The Dane crashed at the Tour of Oman, leaving him with serious injuries. He came back at Paris-Nice, but eventually abandoned on stage four. Breschel was able to stay with the group of favourites until the second ascent of the Kemmelberg and rolled in only 27 seconds back on the leading group.
"I'm better now. I am happy to be back. It is my first race quitting Paris-Nice, so my hand today was a big problem for a long time, but now it's ok," he told Cyclingnews at the finish. "The legs were ok, I felt that I missed a few races so after Kemmel I thought that maybe I could try and do something, but then after 200km I cracked. I need the races, but hopefully I can get some motor pacing this week and be a little bit better."
Breschel will not race until the Tour of Flanders in a week's time, but will stay in Belgium as he continues to build his form. He is still suffering the effects of the crash at the end of February, but Breschel believes that he can make enough progress in the coming days to put in a solid performance at de Ronde.
"A lot of things can happen in a week. As long as you train well during the winter, it's sometimes easy to come back. Of course, realistically, I'm probably not up there for the victory. I hope I can do a result and something to be proud of."
As accidents go, Breschel probably suffered one of the odder ones to have ever occurred to a professional cyclist. The Danish rider was hit by a flying mattress after the final stage of the Tour of Oman. It might sound a little funny and Breschel even joked about having a soft landing, but the incident left him with serious abrasions to his face, arm and chest.

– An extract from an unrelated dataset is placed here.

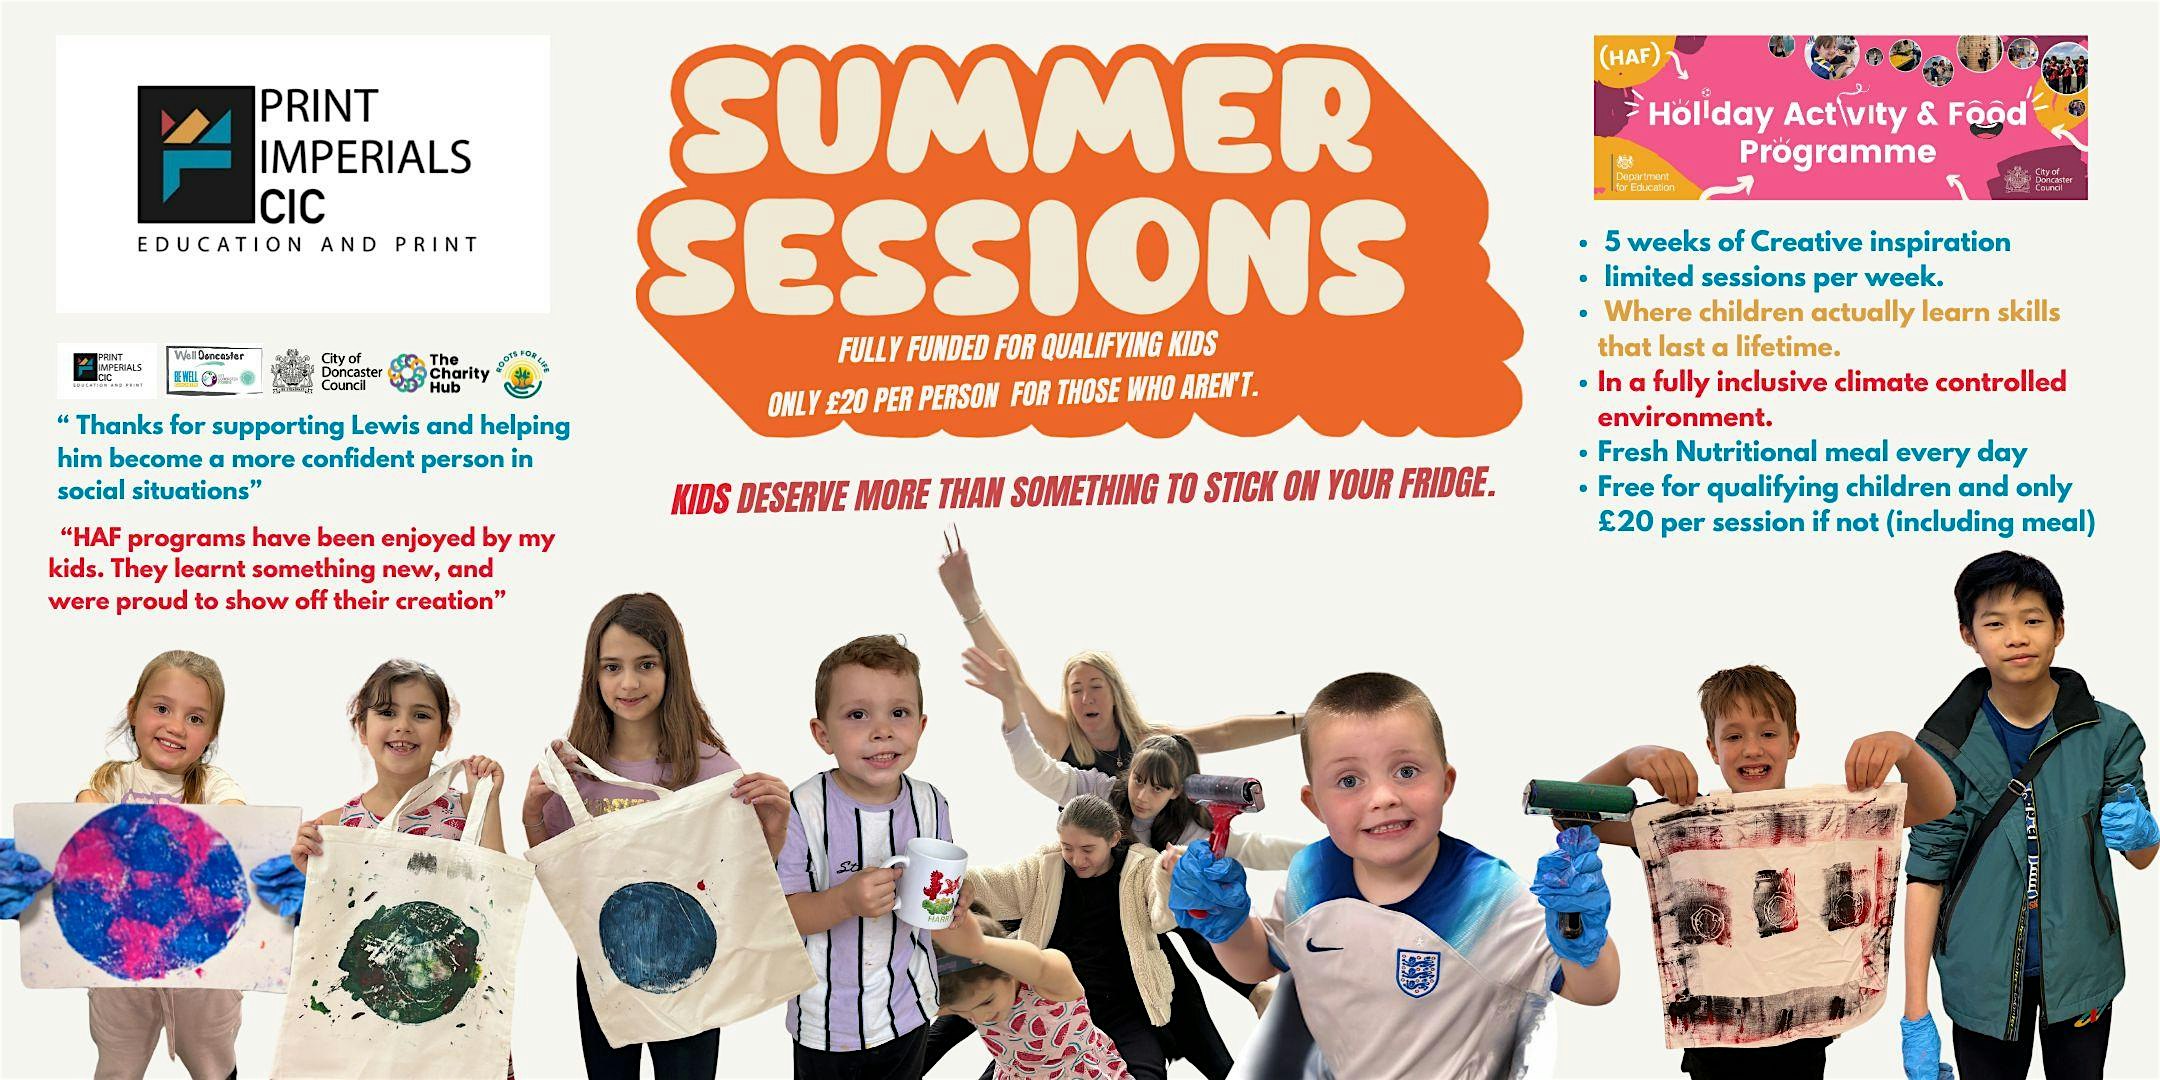 SUMMER SESSIONS AT C-View

"I was behind a truck, on the descent, going 70km cruising, spinning my legs and then suddenly a mattress that normally protects the bikes flew up from the truck and landed on the ground. The truck that I was behind drove over it and flew up straight in my face. I went straight down on my face and my whole arm and chest, my nipple was almost gone.
"The ligament (in his hand) was damaged. They thought they saw a small fracture on the bone, but they weren't sure. And then I just gave it time, because the last thing I wanted was an operation. Then I took the decision to skip Waregem (Dwars door Vlaanderen) and I was back home in Denmark, getting a second opinion from a doctor there."
After the Tour of Flanders, Breschel will take on Paris-Roubaix, another big test for his hand, before the Four days of Dunkerque and the Tour de Suisse, where he won a stage back in 2009.